Pointers = Links
Pointers are easy to understand, they are just Links.
Yeah, that’s it, if you go low-level they are a address number to a variable, but thinking about them as Links to a website makes more sense, I guess.
The hard stuff is not the concept, but how we apply them — and some of it I think is a language problem.
I mean, in C/C++ at least, when it comes to pointers, they are too abstract.
Let’s say you have a pointer, but the actual value of that pointer is https://dataptr.com, which refers to a variable that contains the actual data.
char data[] = “Actual data”;
char *ptr_data = &data;Now, the * means that I want a pointer, the & means I want the address of the data, the “Link” to the “website” we’re dealing with. — which is, for explaining purposes, https://dataptr.com .
Now, if I do this:
ptr_data = "another data";Will the https://dataptr.com be turned into “another data”?
No, that’s not what is going to happen.
Instead, the data variable will transform into “another data”, it will change the “website”, not the address.
It makes sense? No, but it just works, and that is the problem when you’re trying to learn something — That you can’t understand something that “it just works”.
But anyway, that’s how it happens, if you say a pointer = something you’re actually saying that the value that lives inside the address is gonna be = something.
It’s abstraction when you actually needs to know what you’re doing.
Why would I want pointers?
That’s the same reason why you want websites, with pointers you can access the same data anywhere and change it, without it it’s just a copycat.
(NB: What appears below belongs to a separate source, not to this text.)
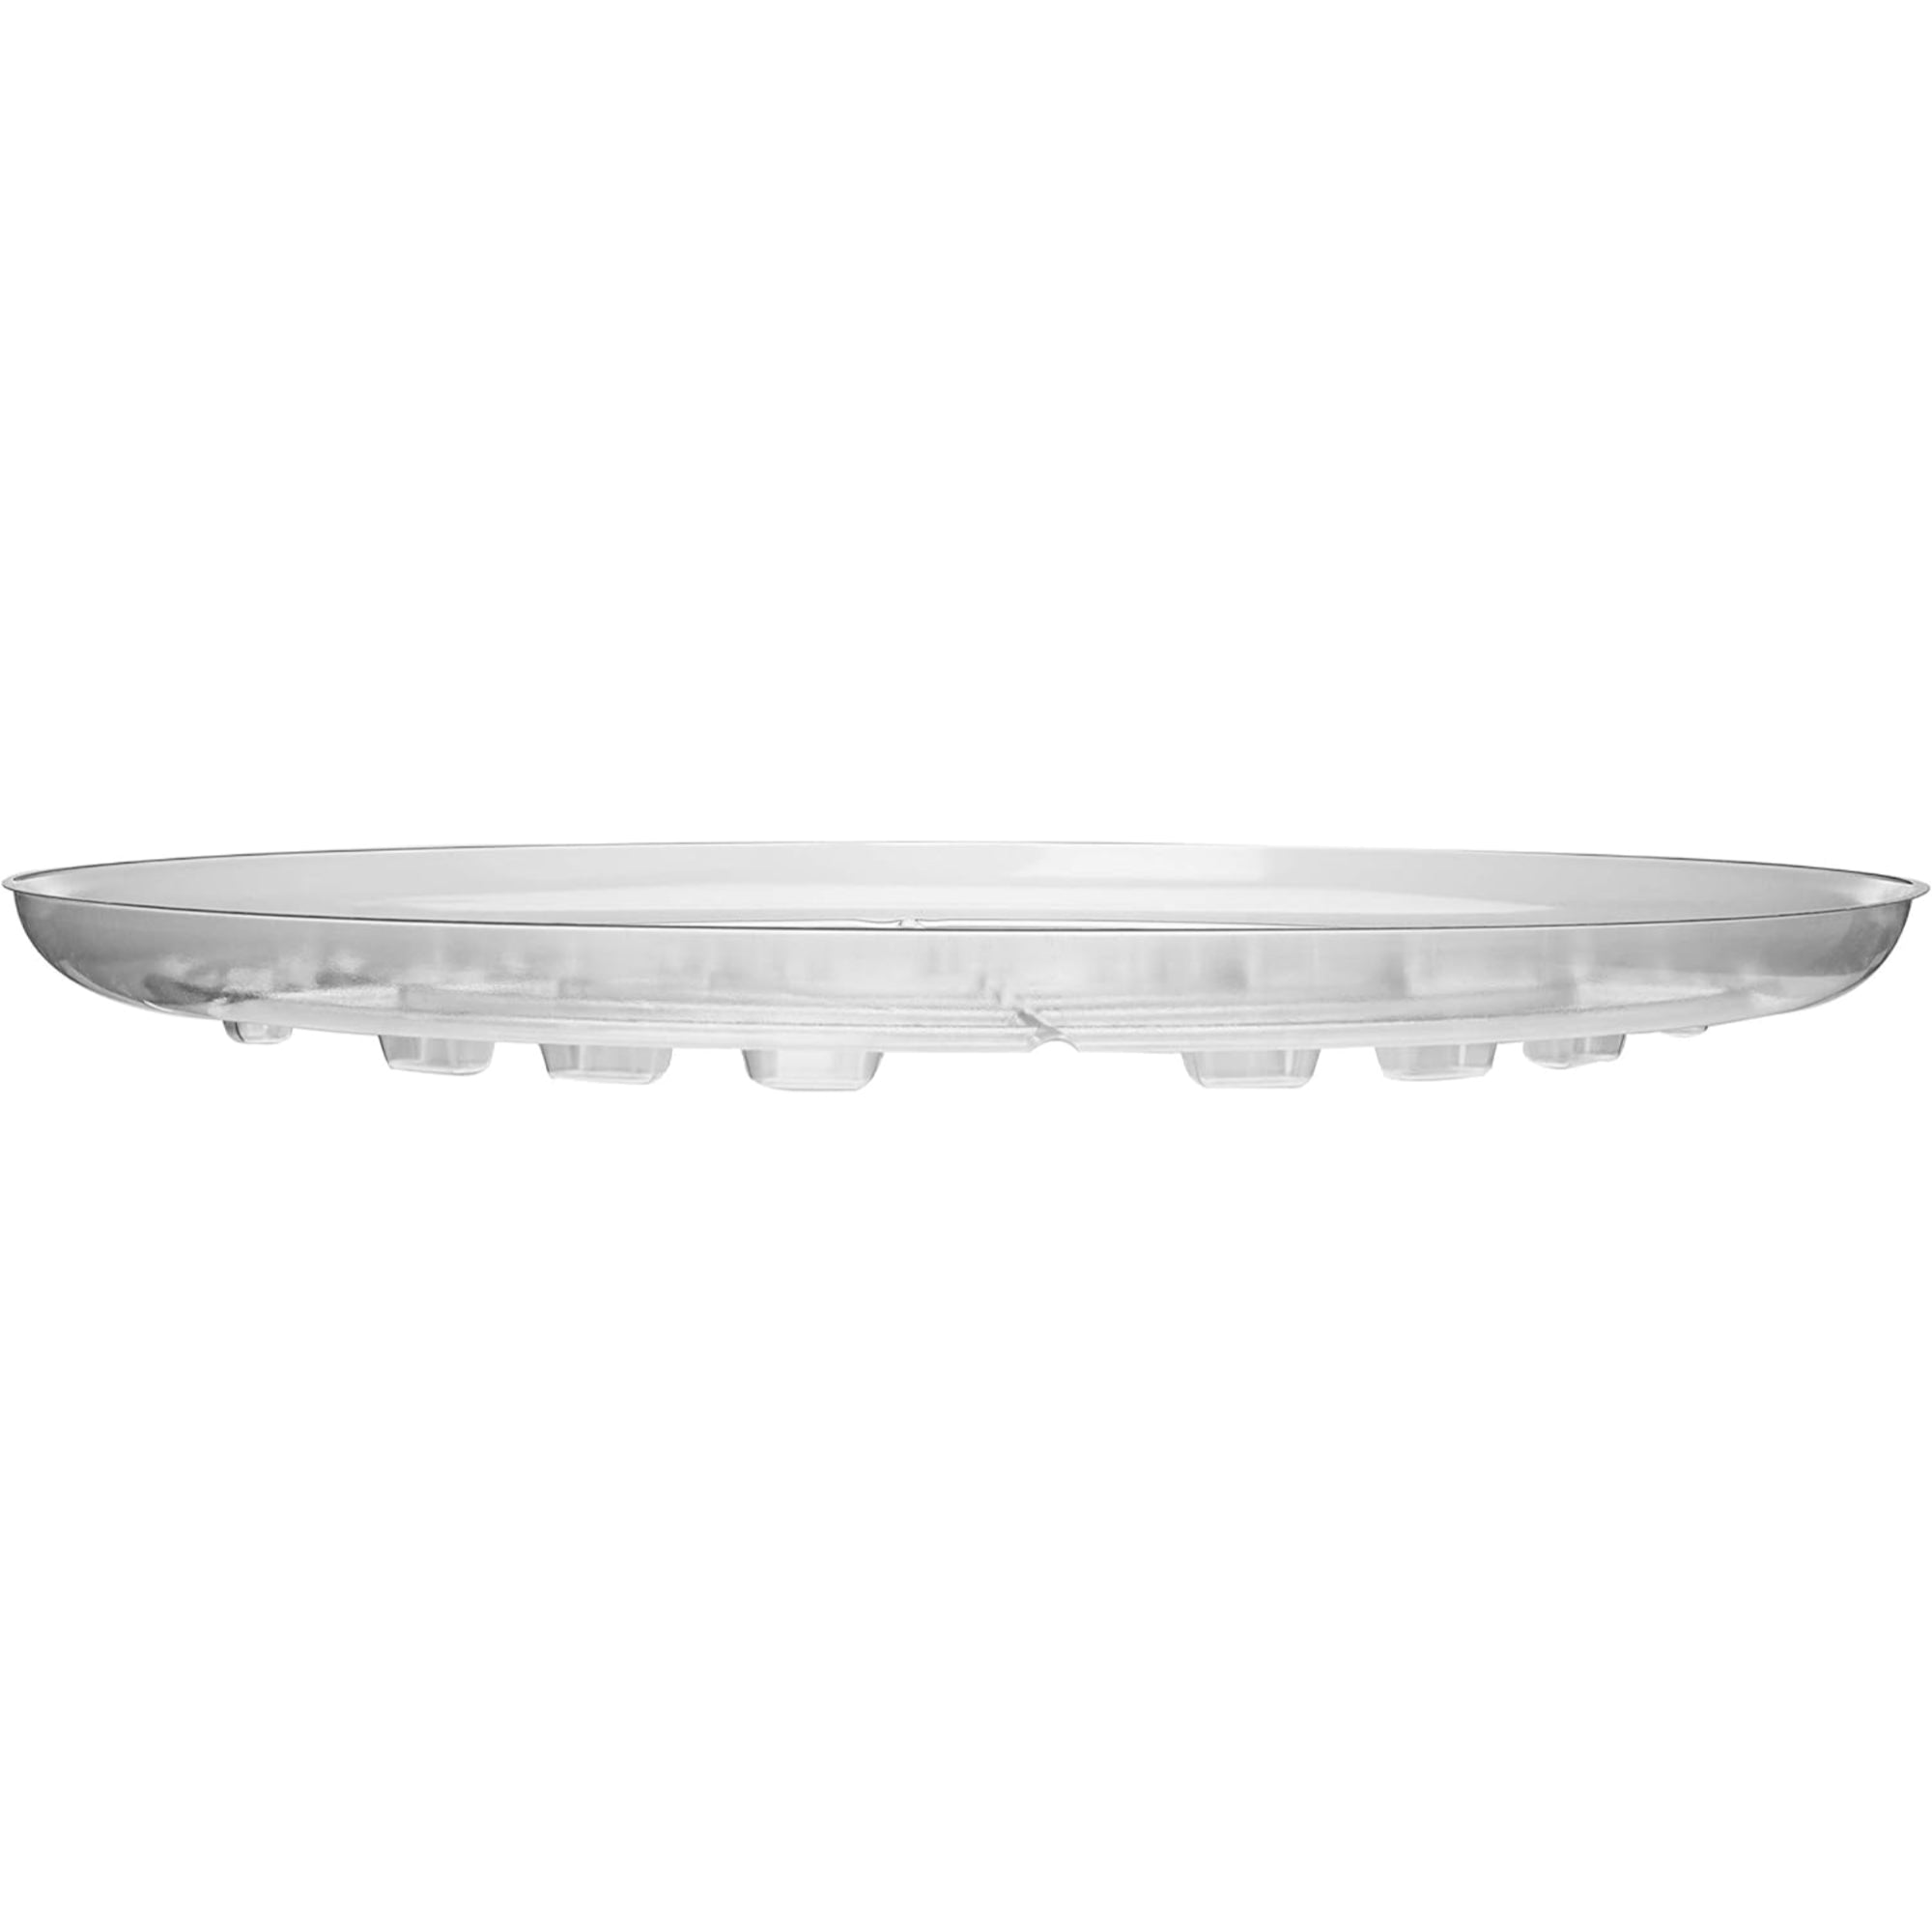 Bosmere Clear Down Under Plastic Plant Saucer, 21"

Another idea I can think of is saving and loading a game, would you rather play the game till you reach the part you were before or you rather access the data that says “hey, that’s where you are, go on”?
Because that’s what you do when you pass an argument to a function without pointers, you copy the data into it, which means that you repeat what is right there already.
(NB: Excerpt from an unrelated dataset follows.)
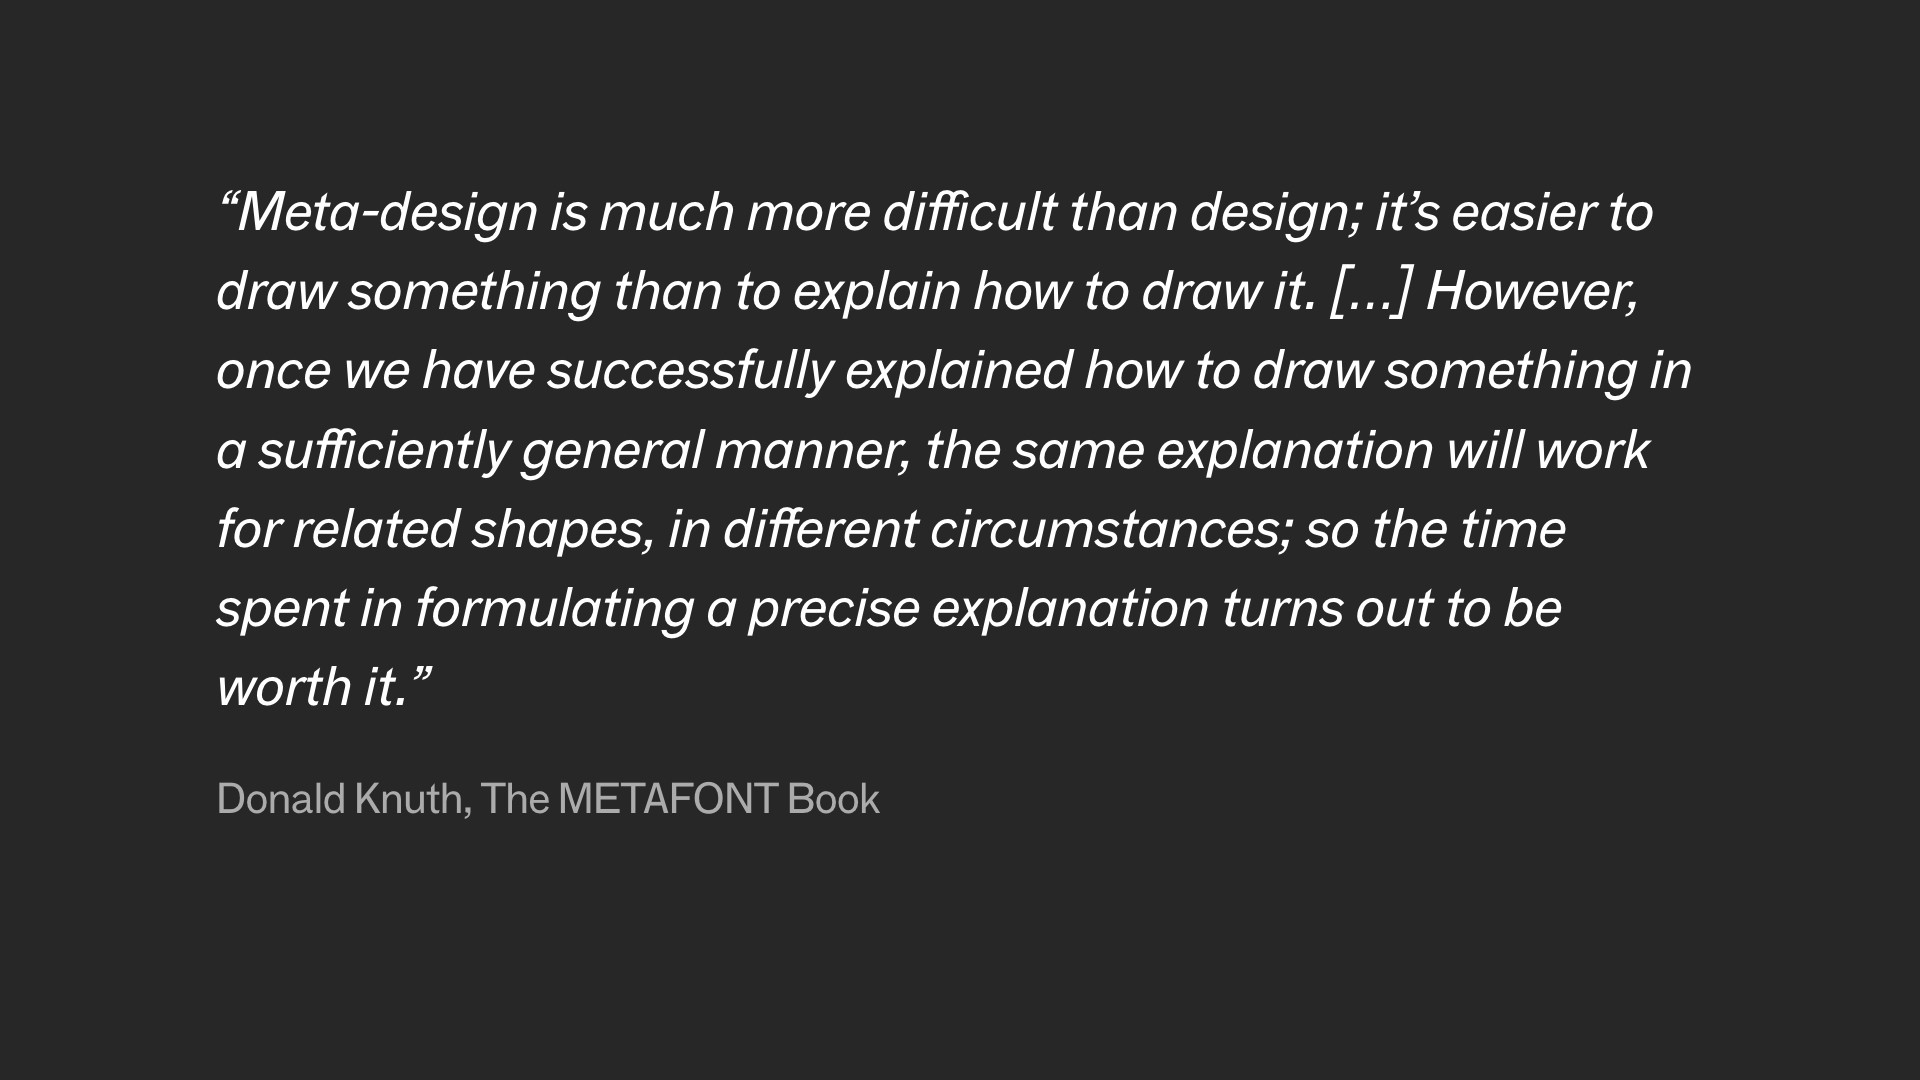 Quote shows on screen. 'Meta-design is much more difficult than design; it's easier to draw something than to explain ho to draw it. [...] However, once we have successfully explained how to draw something in a sufficiently general manner, the same explanation will work for related shapes, in different circumstances; so the time spent in formulating a precise explanation turns out to be worth it.' By Donald Knuth, The METAFONT Book.

Now, I want to get the value instead of set it, what will I do?
Will I do this?
char old_data[] = ptr_data;No, I won’t do this. You know why? Because NOW it works as you normally expects to work.
To get the actual value, you need to add the *, like this:
char old_data[] = *ptr_dataYeah, that’s it, I think I understand now, but I probably don’t.
Anyway, pointers are easy.
This is part of a series I’m calling TheDuckTeacher, where I explain to myself concepts that I don’t really understand as I learn them.
Yeah, I came up with this name from the Rubber duck debugging technique.